[Python-Dev] PEP 277 (unicode filenames): please review

Martin v. Loewis martin@v.loewis.de
13 Aug 2002 16:45:36 +0200


Guido van Rossum <guido@python.org> writes:

> Aha!  So MBCS is not an encoding: it's an indirection for a variety of
> encodings.  (Is there a way to find out what the encoding is?)

Correct. In Python, locale.getdefaultlocale()[1] returns the encoding;
the underlying API function is GetACP, and Python uses it as

    PyOS_snprintf(encoding, sizeof(encoding), "cp%d", GetACP());

There is a second indirection, the "OEM code page", which they use:
- for on-disk FAT short file names,
- for the cmd.exe window

Python currently offers no access to GetOEMCP().

> Do you mean that the condition on
> 
> #if defined(HAVE_LANGINFO_H) && defined(CODESET)
> 
> is reliably false on Windows?  Otherwise _locale.setlocale() could set
> it.

Correct. nl_langinfo is a Sun invention (I believe) which made it into
Posix; Microsoft ignores it.

> So as long as they use 8-bit it's not our problem, right.  Another
> reason to avoid prodicing Unicode without a clue that the app expects
> Unicode (alas).  (BTW I find a Unicode argument to os.listdir() a
> sufficient clue.  IOW os.listdir(u".") should return Unicode.)

Indeed, that would be consistent.
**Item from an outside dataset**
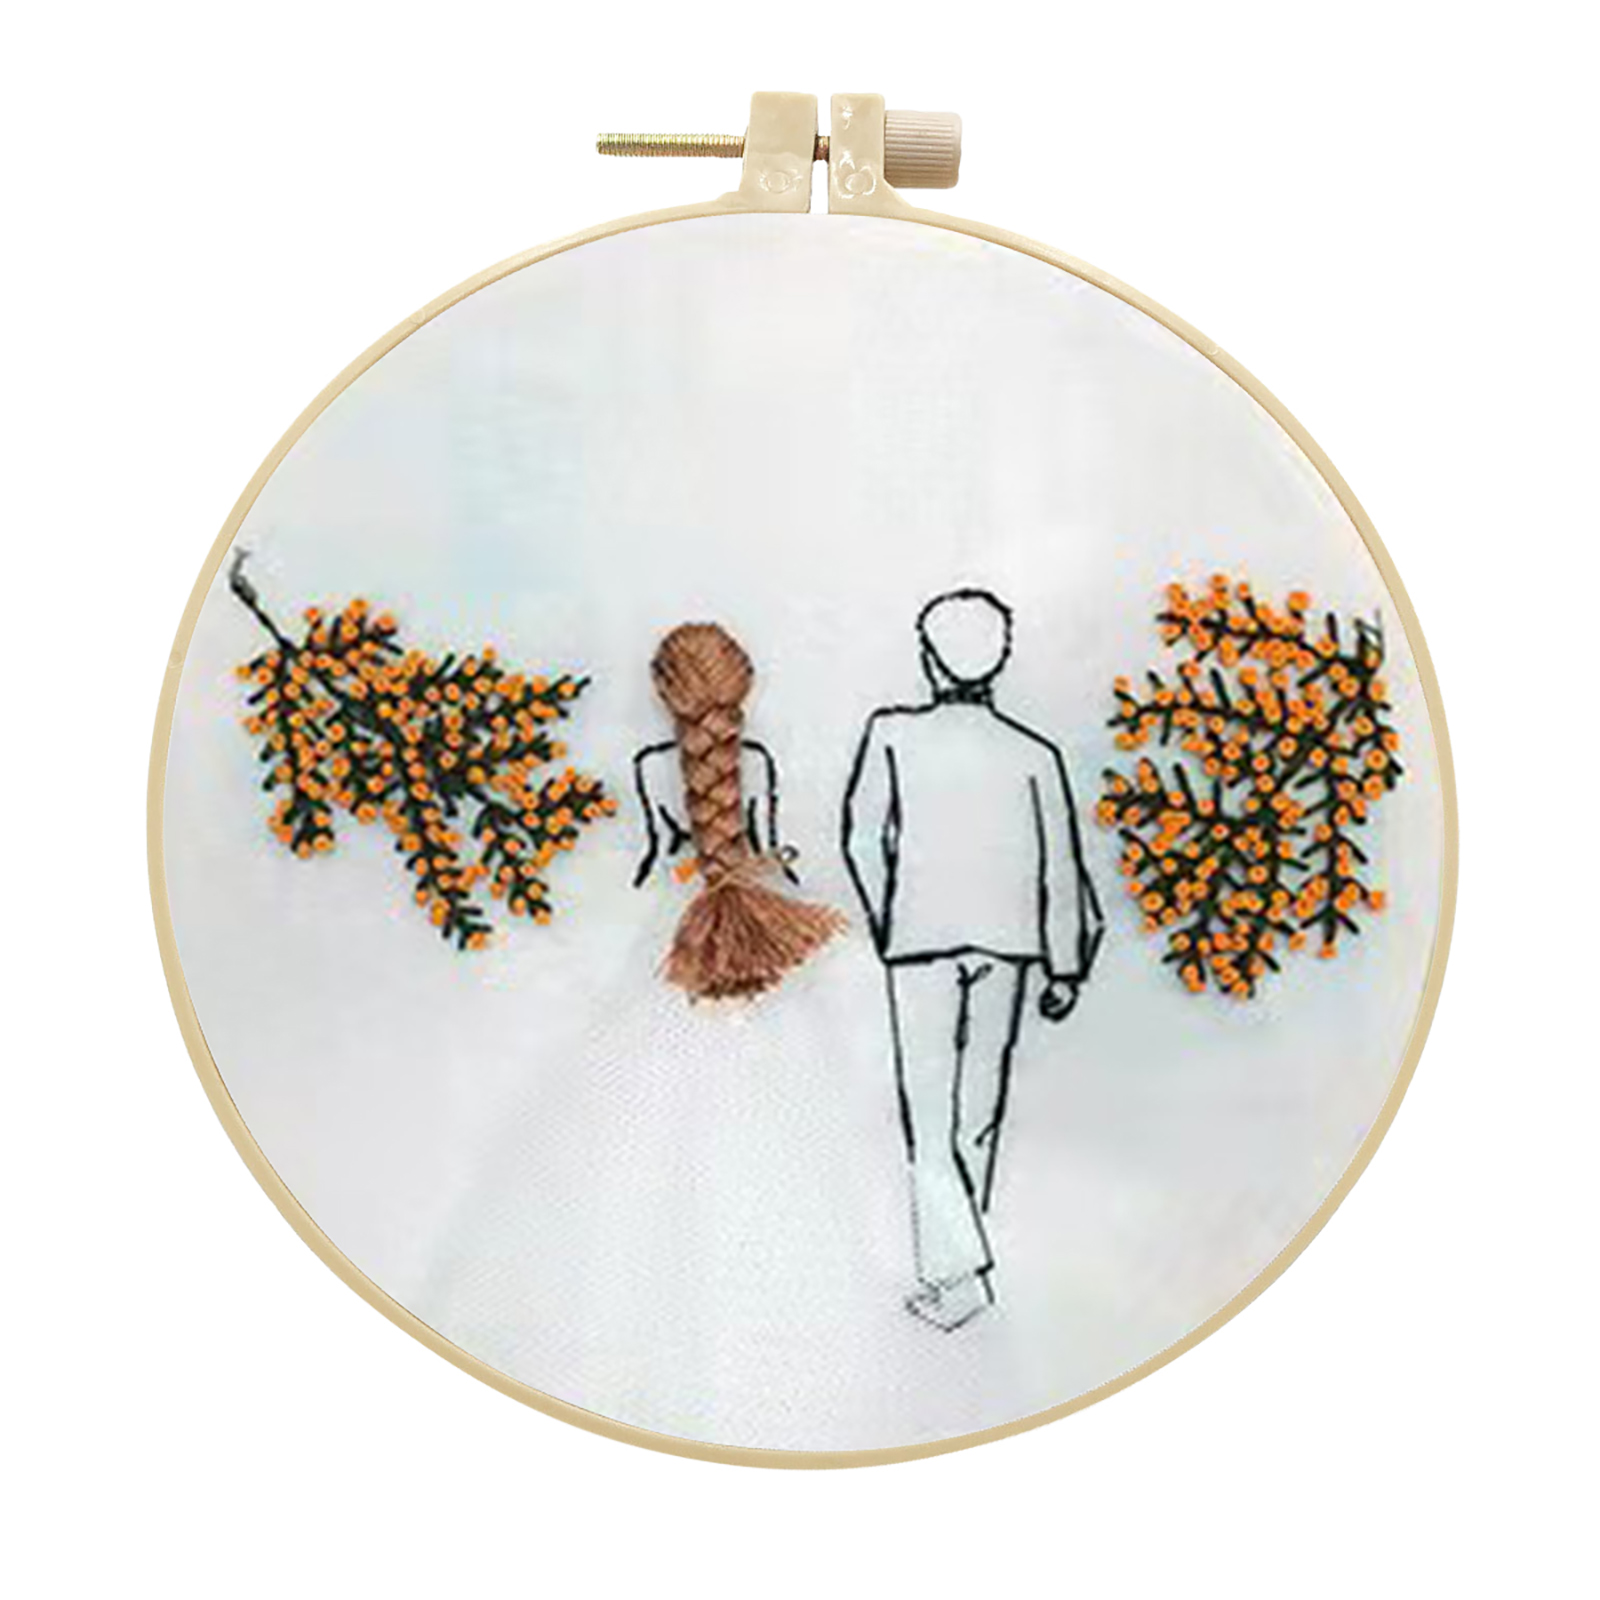 DIY Handmade Embroidery Kit Craft Cross Stitch Kits For Beginner - Romantic Weddings Pattern

I deliberately want to leave this
out of PEP 277. On Unix, things are not that clear - as Jack points
out, readlink() and getcwd() also need consideration.

> > Ok, I'll update the PEP.
> 
> To what?  (It would be bad if I convinced you at the same time you
> convinced me of the opposite. :-)

I haven't changed anything yet, and I won't. 

In this terrain, Windows has the cleaner API (they consider file names
as character strings, not as byte strings), so doing the right thing
is easier.

Regards,
Martin